В ту минуту мне была совершенно безразлична моя судьба, разговор о втором рождении, стало не важно, что ждет впереди, у меня пересохло горло, и я попросила шамана принести
– Счас будет, обожди чуток, – пообещал шаман и в мой стакан зачерпнул холодной воды из стоящего рядом сорокалитрового бидона.
Я вопросительно посмотрела на собеседника.
Он вежливо протянул мне стакан воды и ушел, сказал, что за чайным пакетиком. Вдруг, как только он повернулся ко мне спиной, вода в стакане закипела, забурлила, при этом внешняя поверхность стакана оставалась абсолютно холодной, благодаря чему я руку не обожгла. Я смотрела удивленно на происходящее и думала, как, наверное, интересно быть шаманом и знать то, что другим недоступно.
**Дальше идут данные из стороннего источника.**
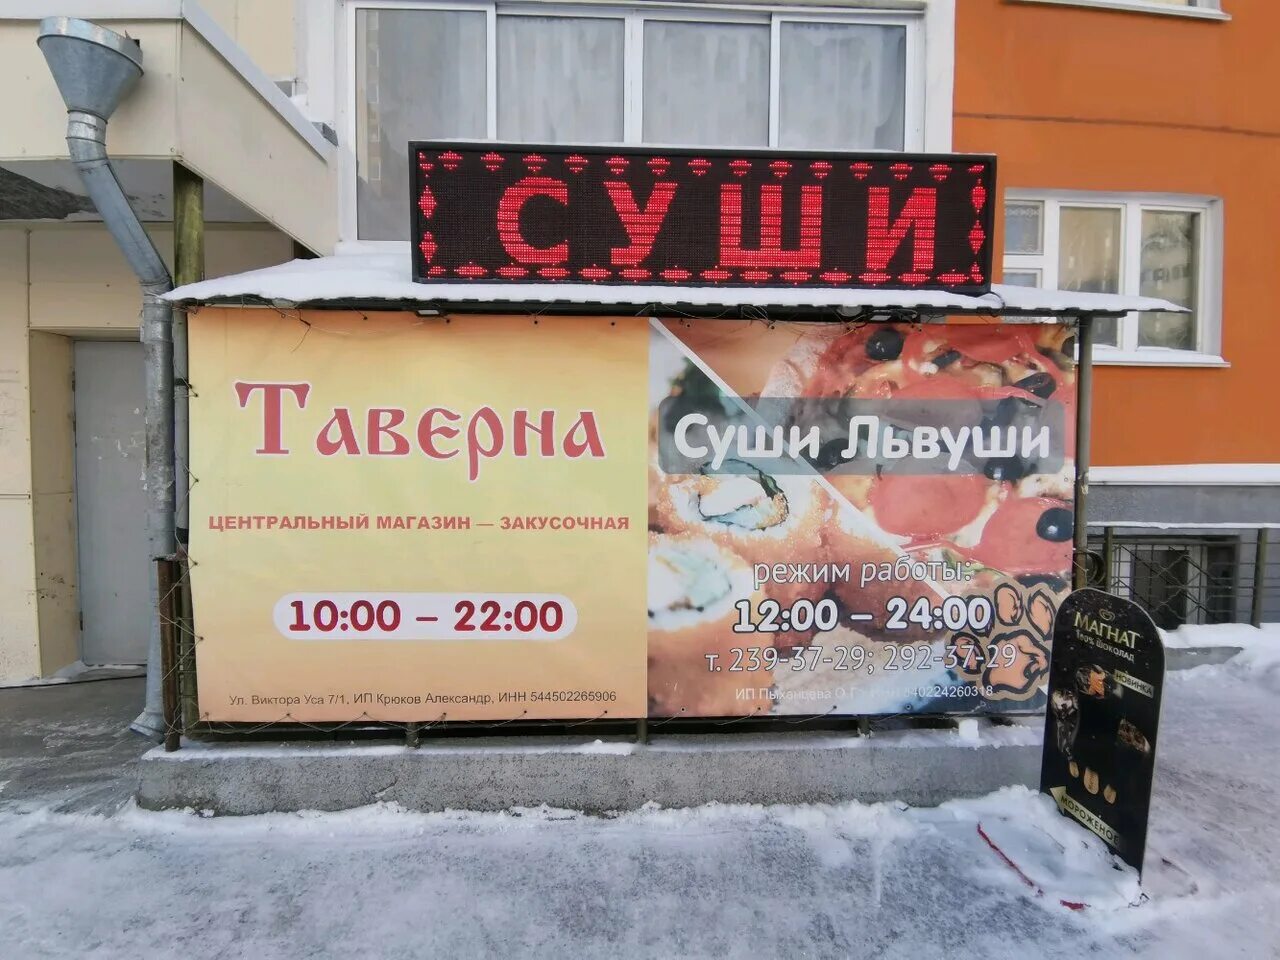 Таверна в Новосибирске. Суши Виктора Уса 11. Магазин таверна режим раб. Суши львуши

– Ты, журналистка, какой чай больше любишь – китайский или индийский? – услышала я голос над собой.
– А мне без разницы, – совершенно равнодушно ответила я, – увы, я не гурман.
– Тогда на – бери индийский. Тебе он больше понравится и к настроению твоему подходит.
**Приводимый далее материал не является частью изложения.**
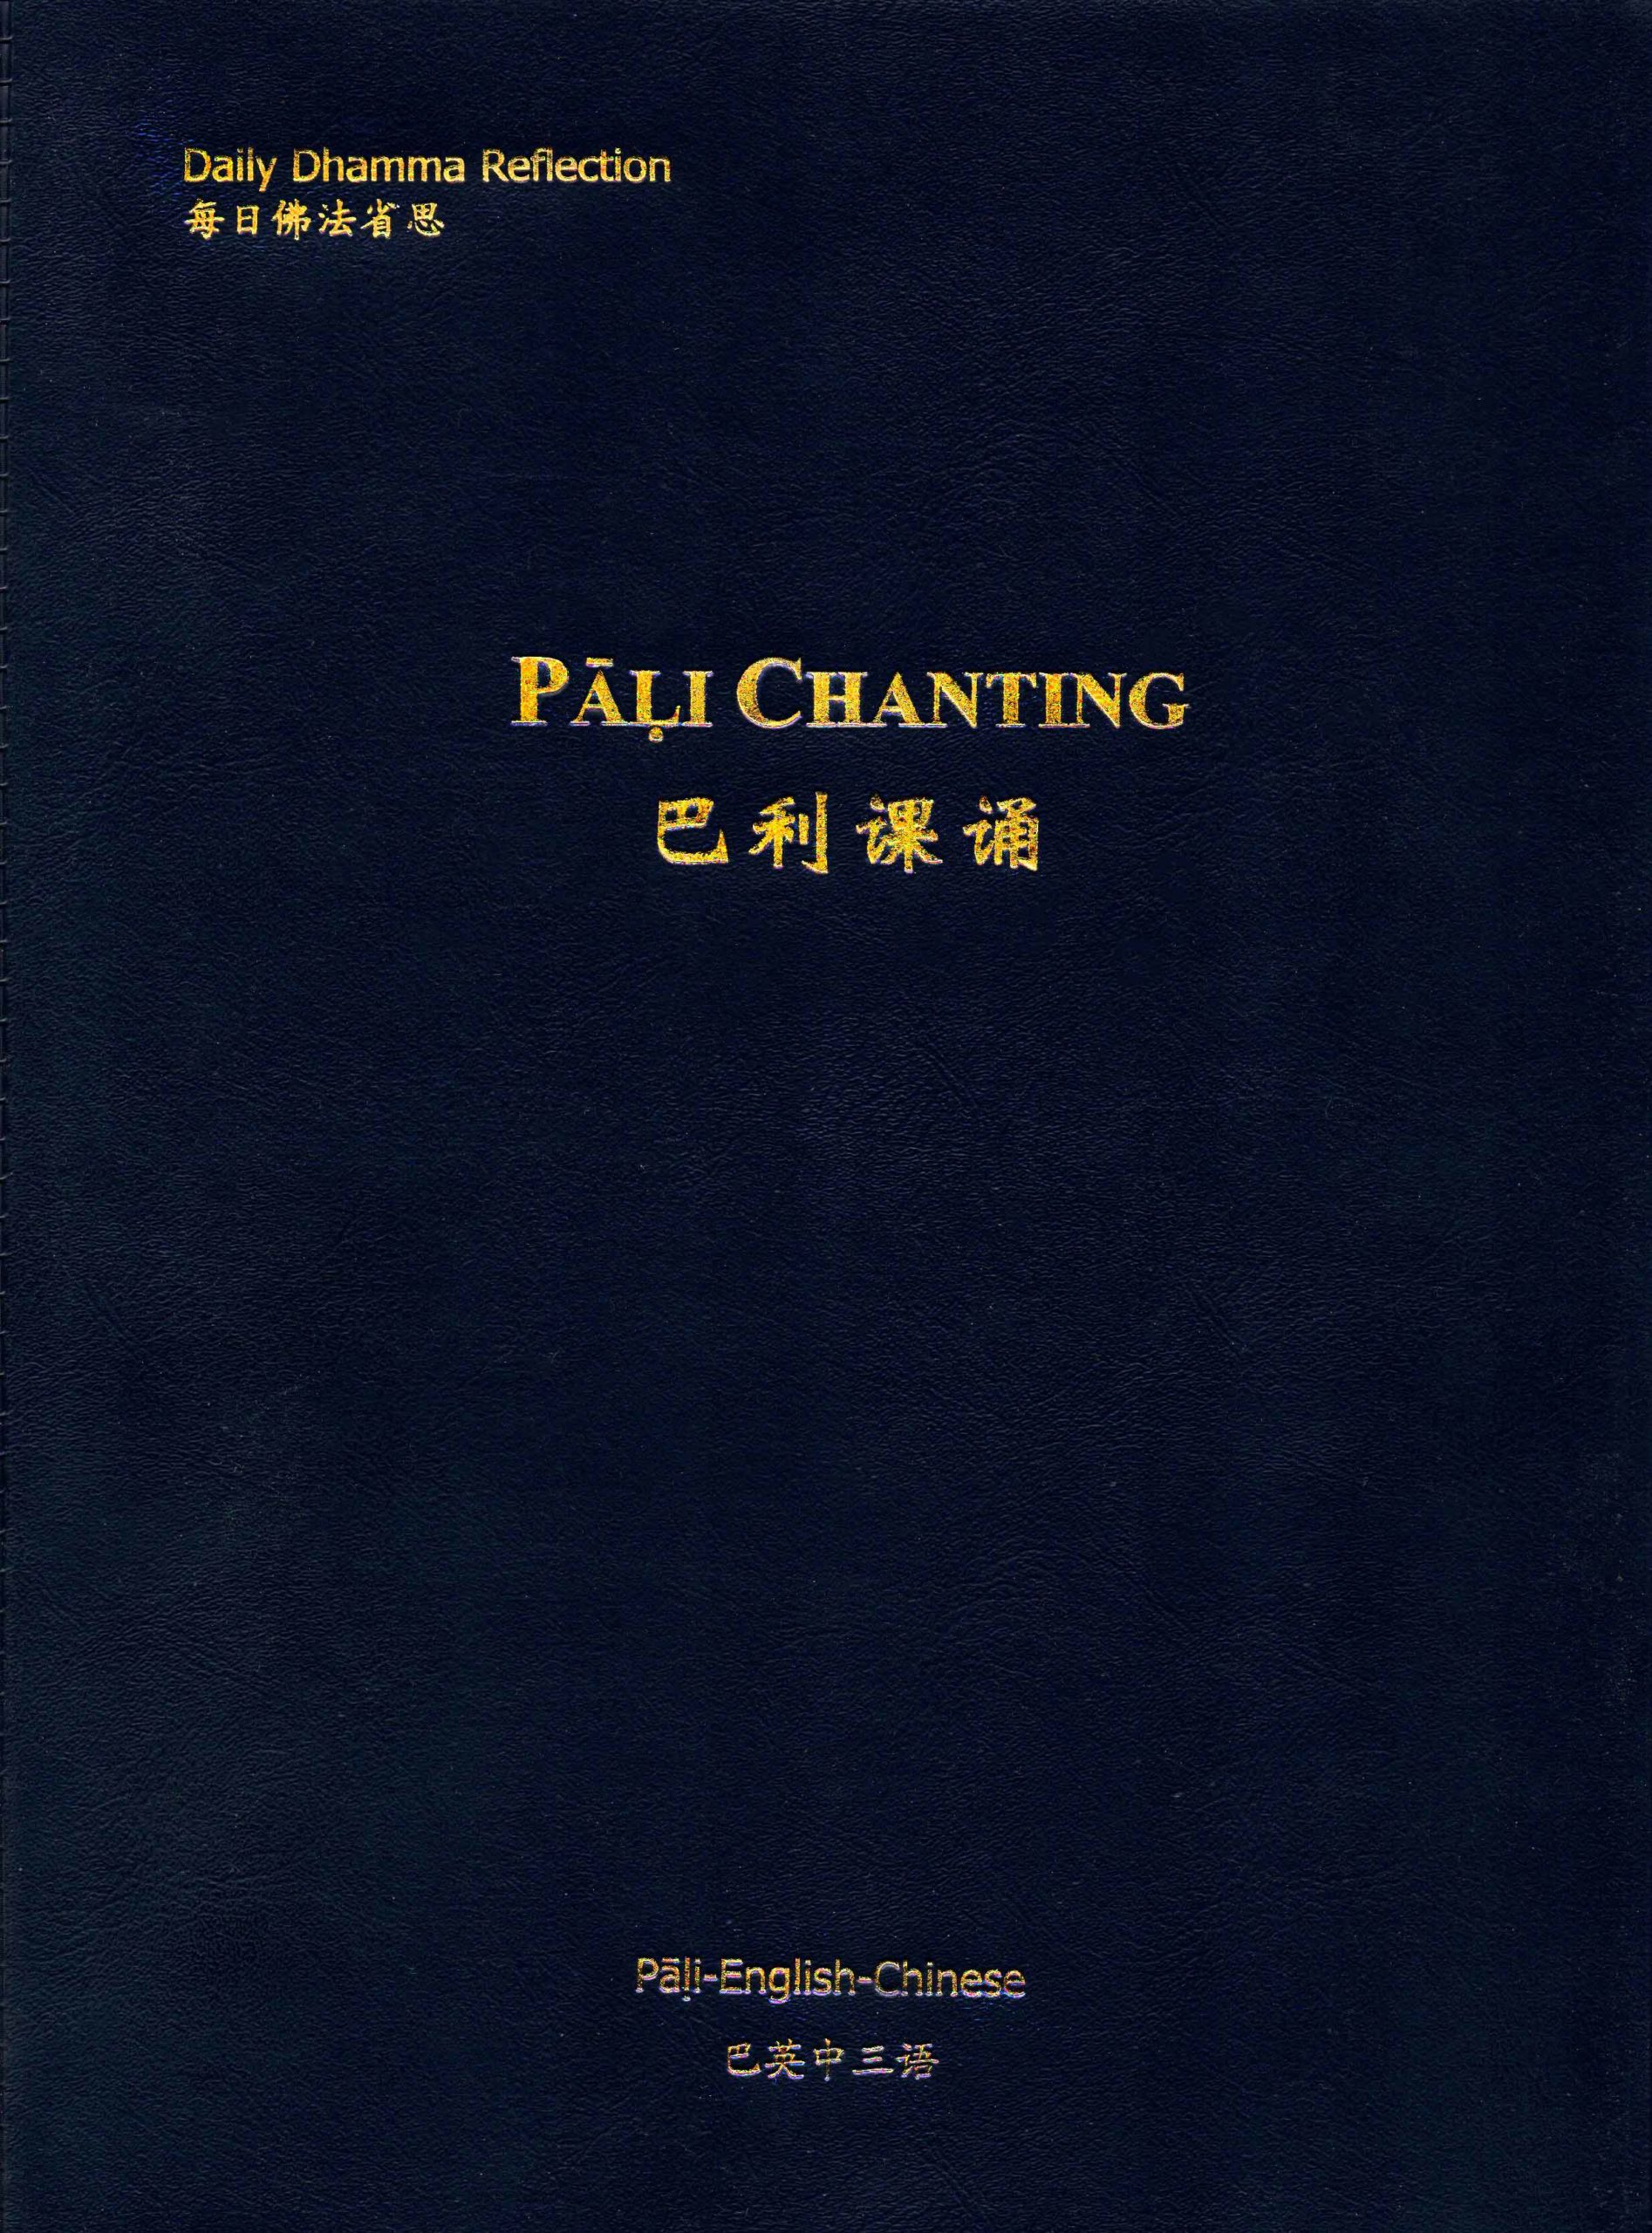 Dhamma Earth Chanting Book Cover 法域课诵本

В следующее мгновение я пила обжигающе-горячий чай и о чем-то отвлеченном беседовала со старым шаманом.
– Ты правильно сделала, что не стала трогать медвежий череп на священной горе, – сказал мне он, набивая трубку ароматным табаком. Там в самом деле была змея, правда не черная, как в стихе, а огневка, тоже ядовитая. Любят они это дело – в пустые черепа заползать.
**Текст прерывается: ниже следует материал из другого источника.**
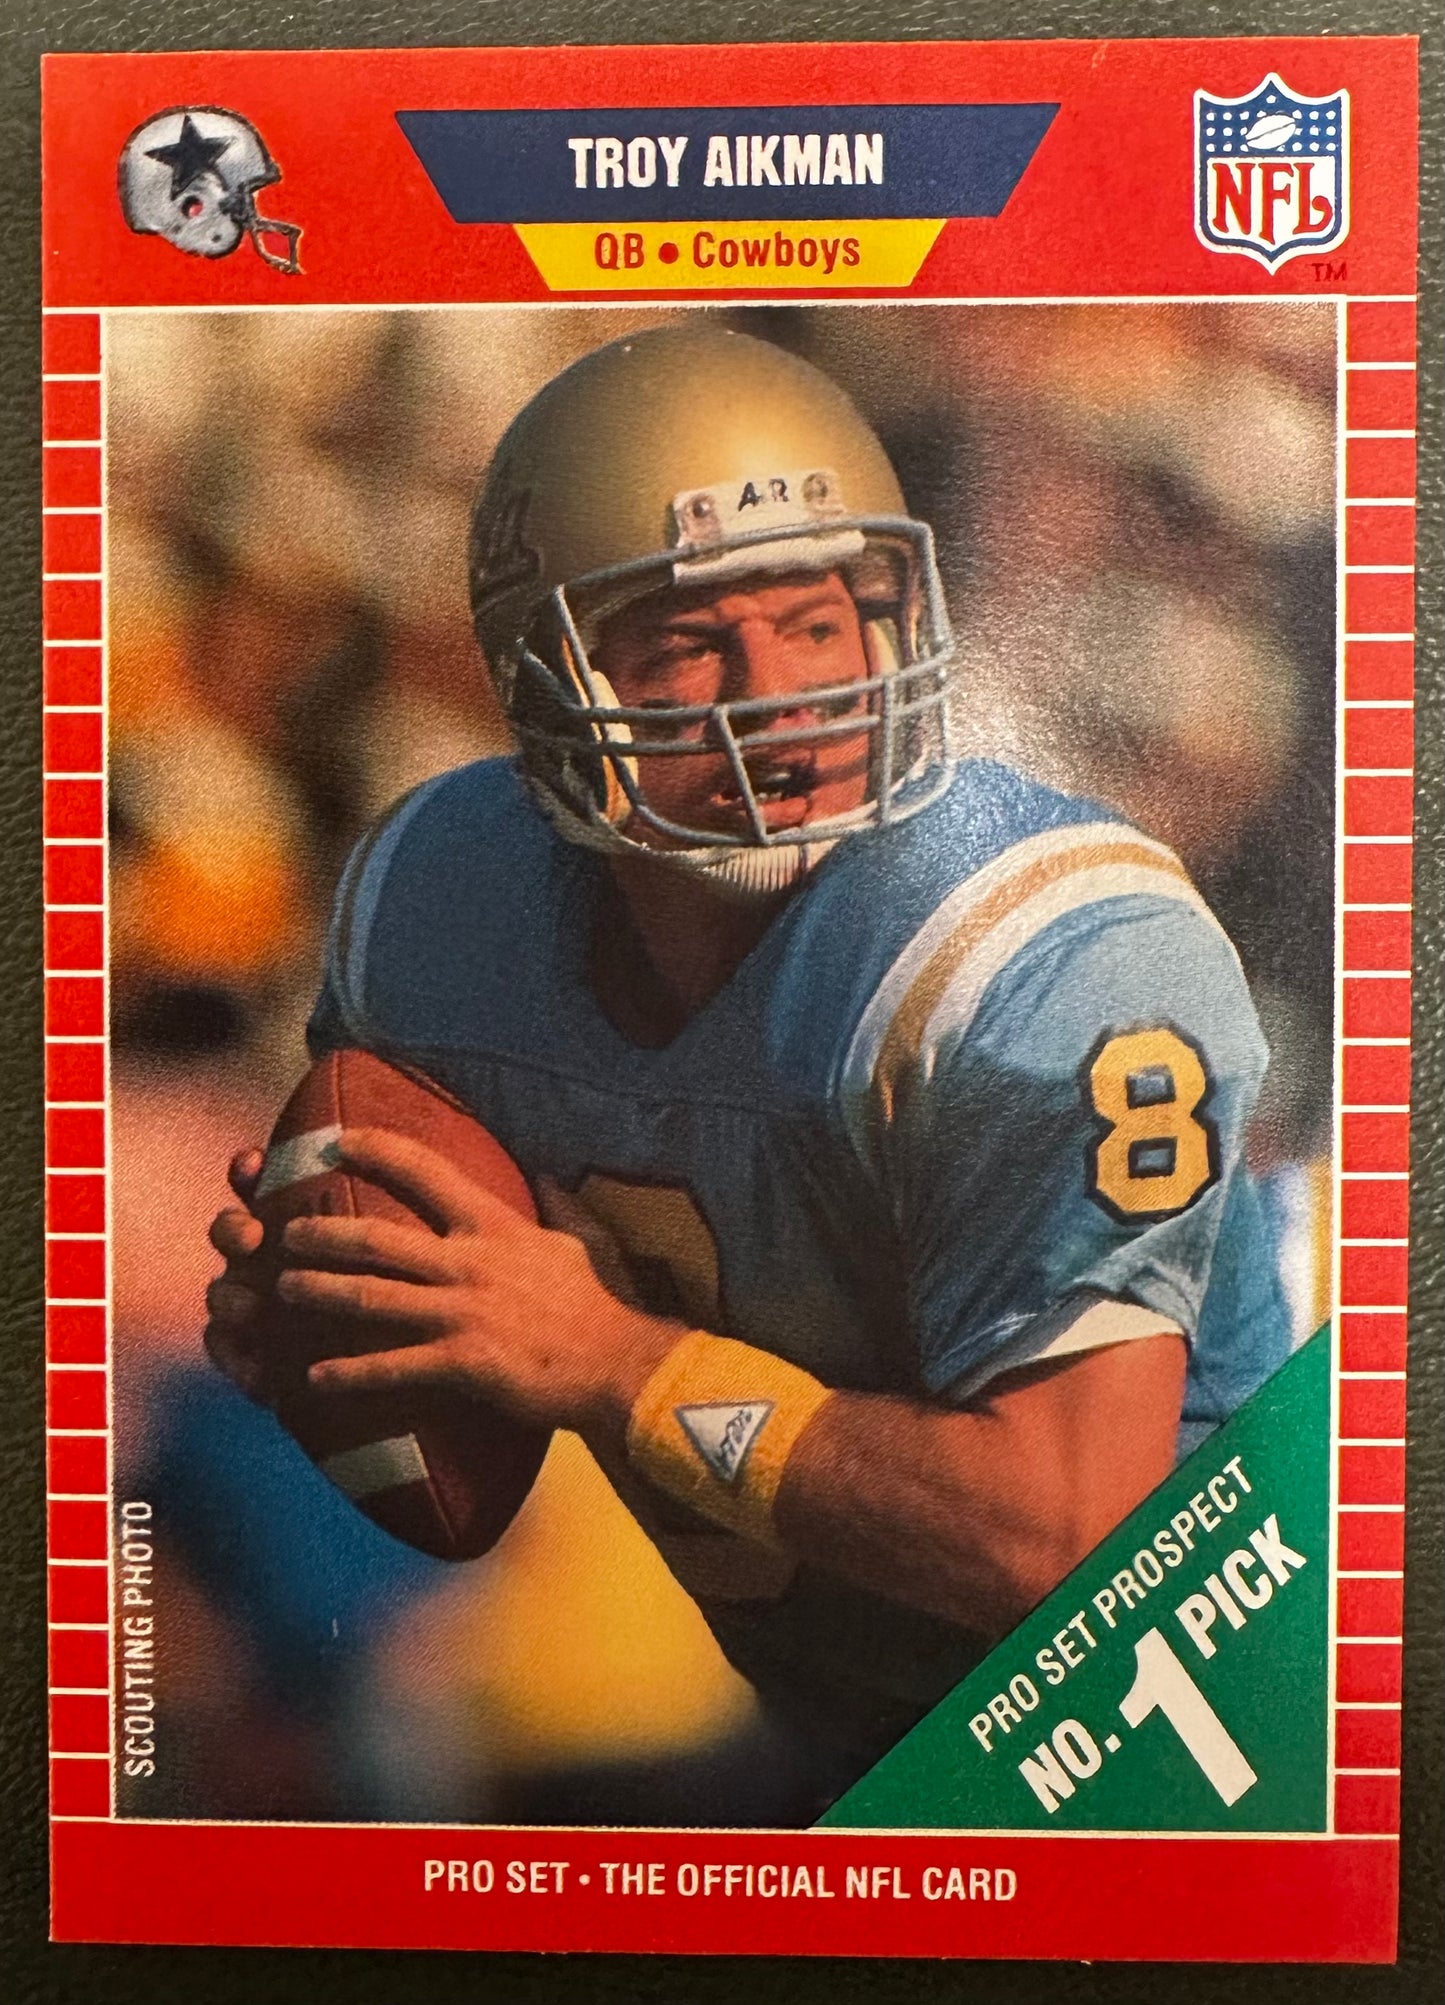 Pro Set 1989 Brett Favre rookie card #490

– Что я неправильно сделала на священной горе? – спросила я, нисколько не удивляясь.
– Надо было что-нибудь попросить там у высших сил, – услышала я в ответ, – мы же люди пока… а не духи. А людям всегда что-то надо. Когда надо – значит, хочешь жить…
– А я не знаю, чего хочу, – сказала я, прямо глядя в глаза шаману.
– Ты хочешь покоя. Но покоя странного, чтобы в душе была тишина, и при этом можно было ощущать все краски, запахи и звуки мира. Но тишина – это когда все отмирает, а чувства красок – музыка. Редкая музыка для ума.
Трудно тебе без тайги-то. Но у тебя все получится, как хочешь. Со временем, конечно. Только об одном прошу – не забывай нашу землю. Что это я? Свою, конечно, свою тайгу. Эта тайга давно тебе стала своей, родной. Ну ты и сама все знаешь. Не забывай ее, и все у тебя получится. Все-все.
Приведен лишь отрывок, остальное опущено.